EXERCISE BRIEF »
In your copy, leave out the pictures; write out all the data exactly.

::: THE DATA

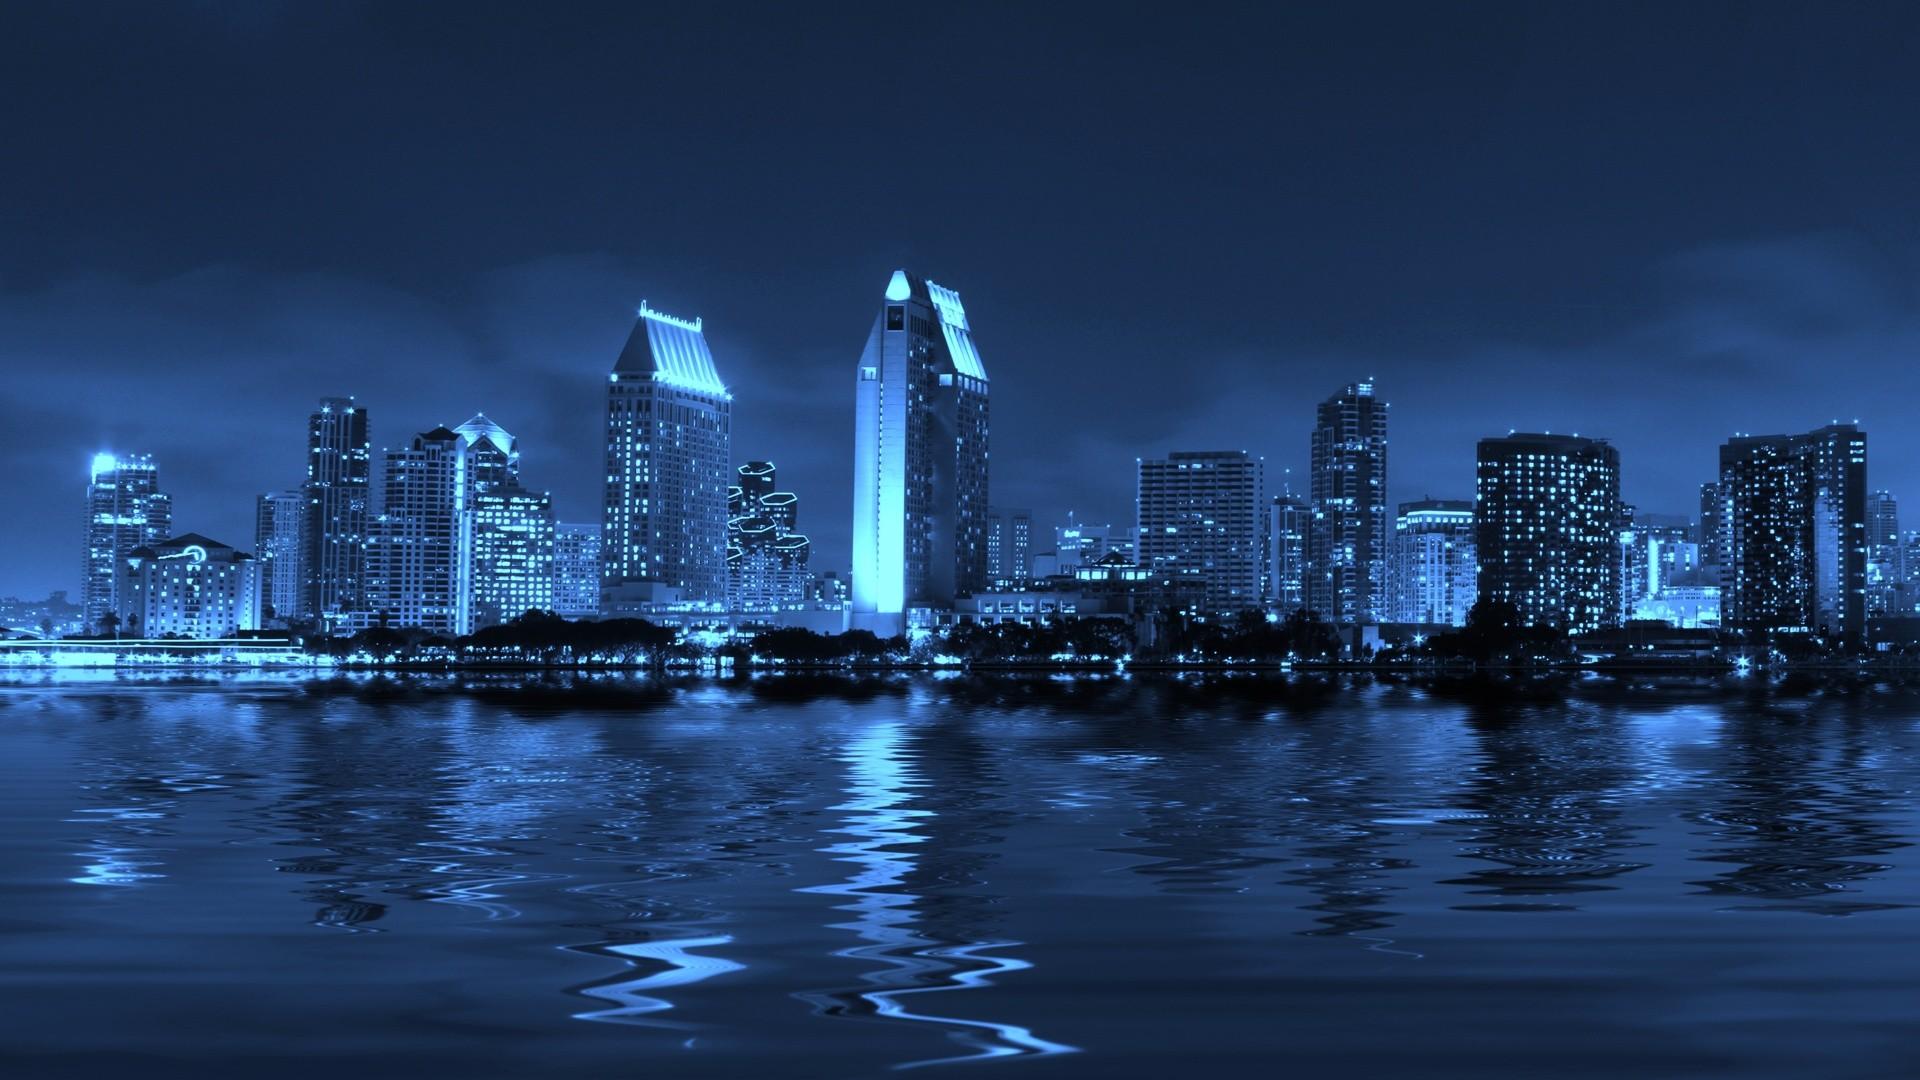 Blue Bayou San Diego wallpaper download page 567675
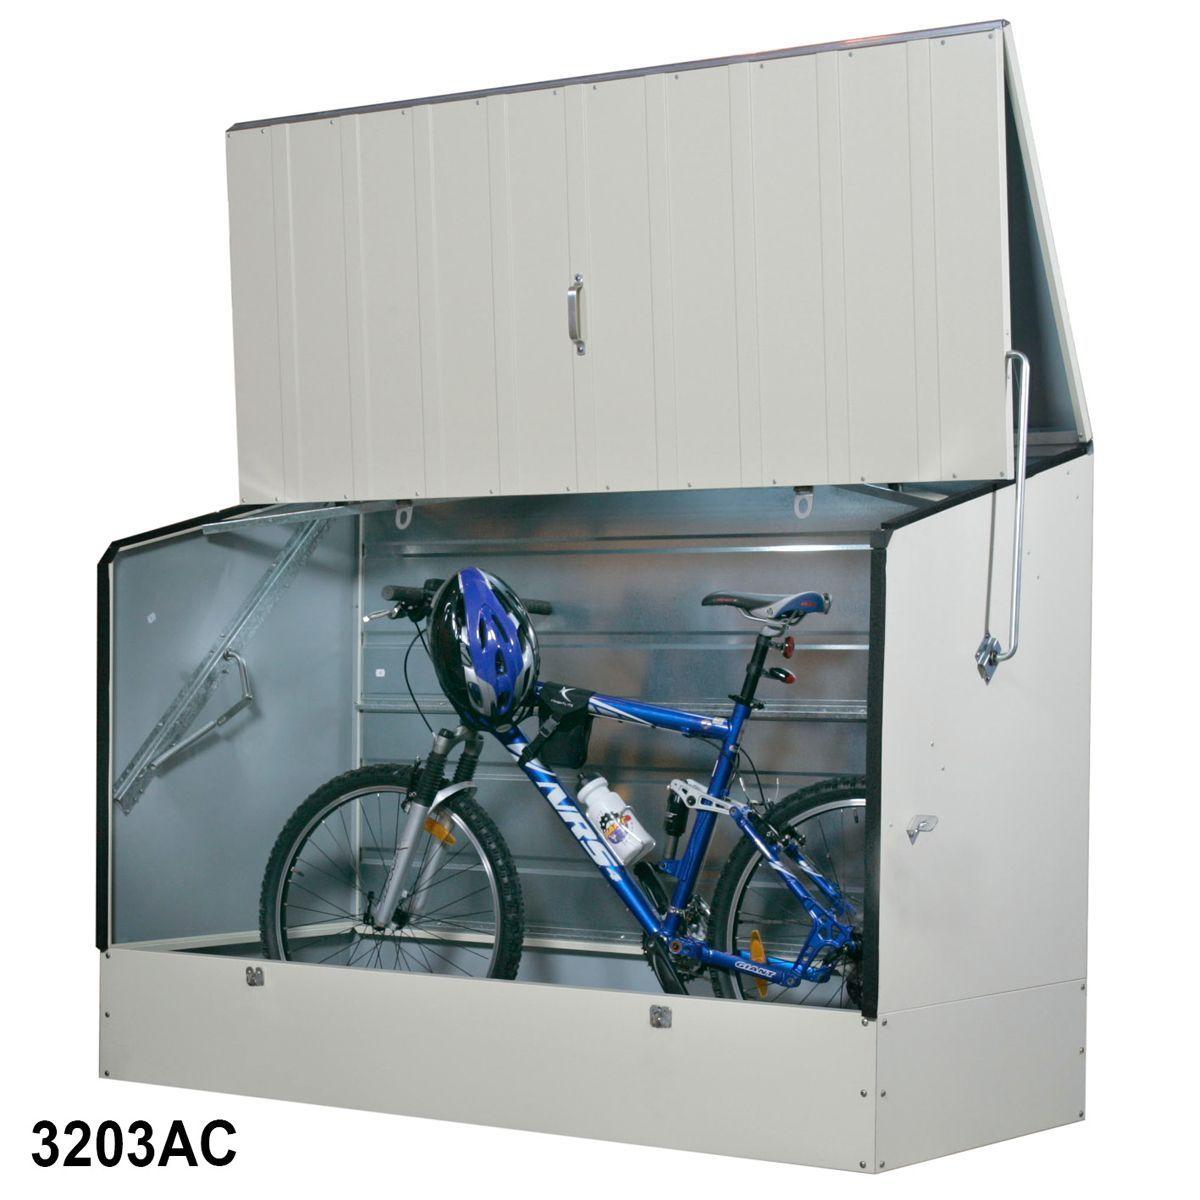 Bike Storage Sheds in 2020 Bicycle storage, Bicycle
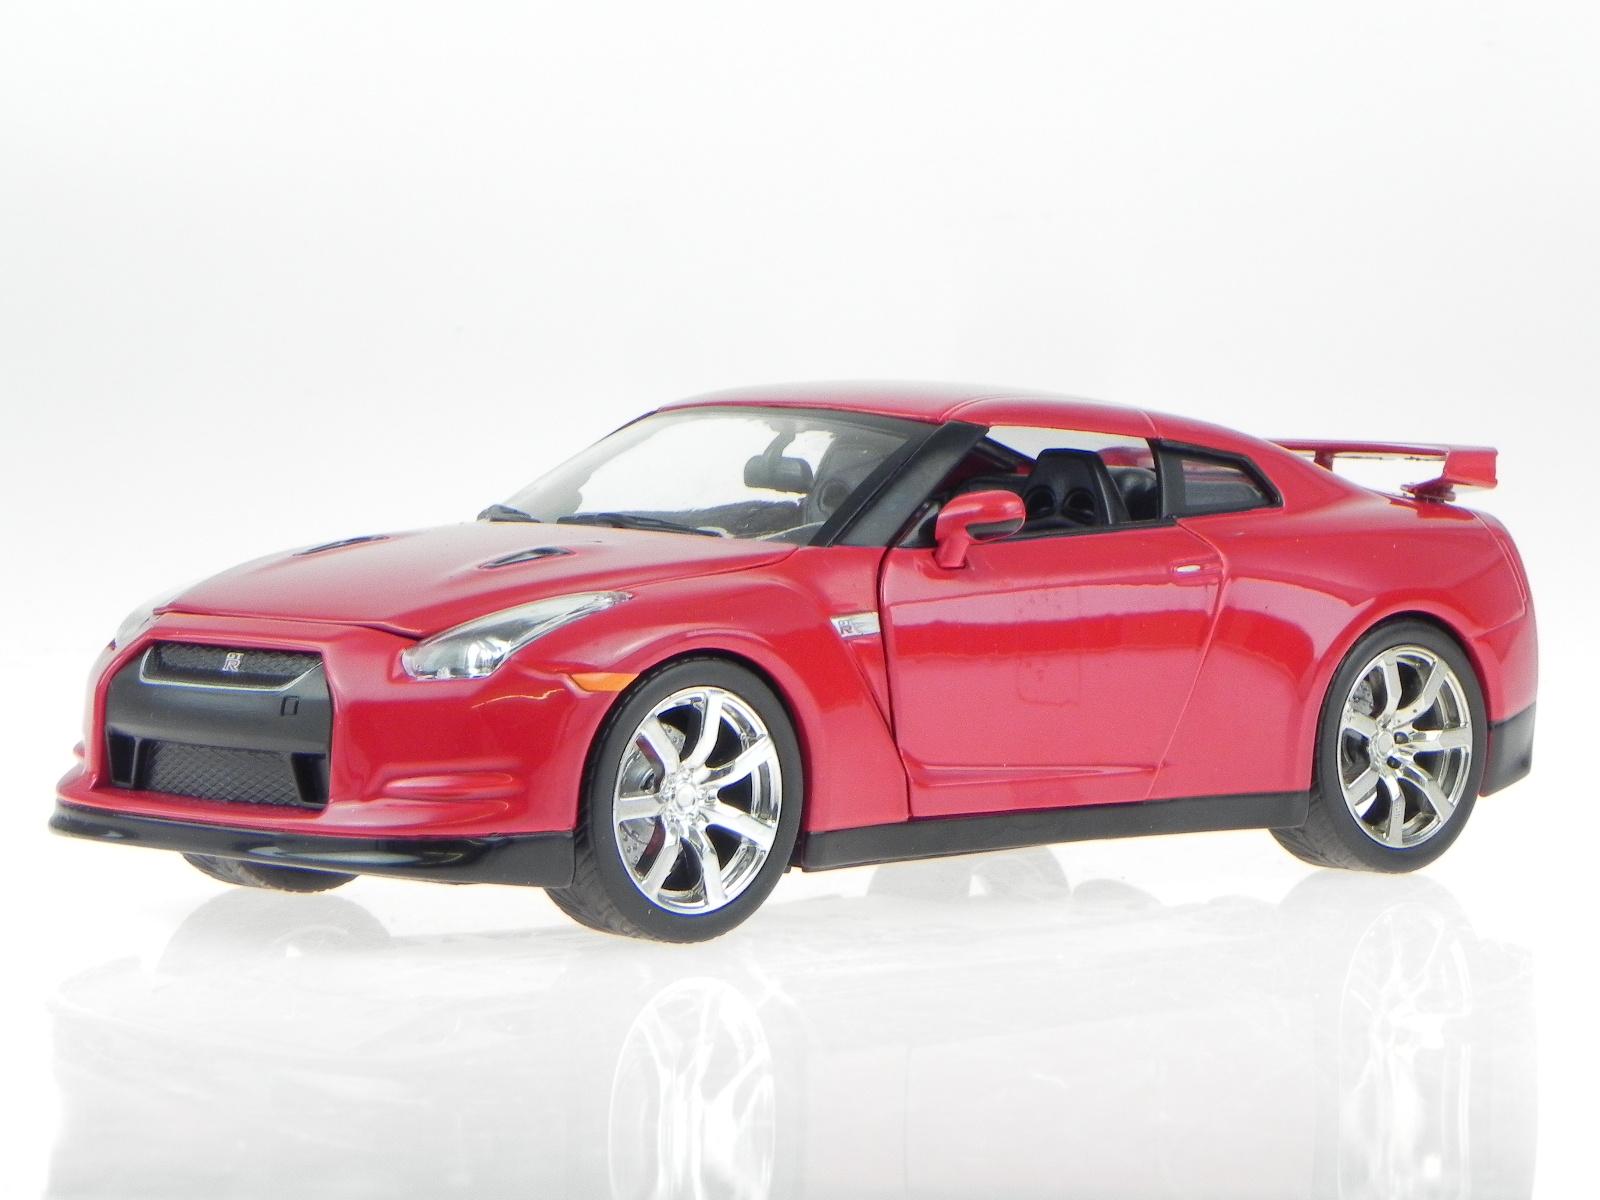 nissan gt r 2009 rot modellauto 96811 jada 1 24 ebay. Black Bedroom Furniture Sets. Home Design Ideas

::::::

WRITTEN RESPONSE »
 Blue Bayou San Diego wallpaper download page 567675
 Bike Storage Sheds in 2020 Bicycle storage, Bicycle
 nissan gt r 2009 rot modellauto 96811 jada 1 24 ebay. Black Bedroom Furniture Sets. Home Design Ideas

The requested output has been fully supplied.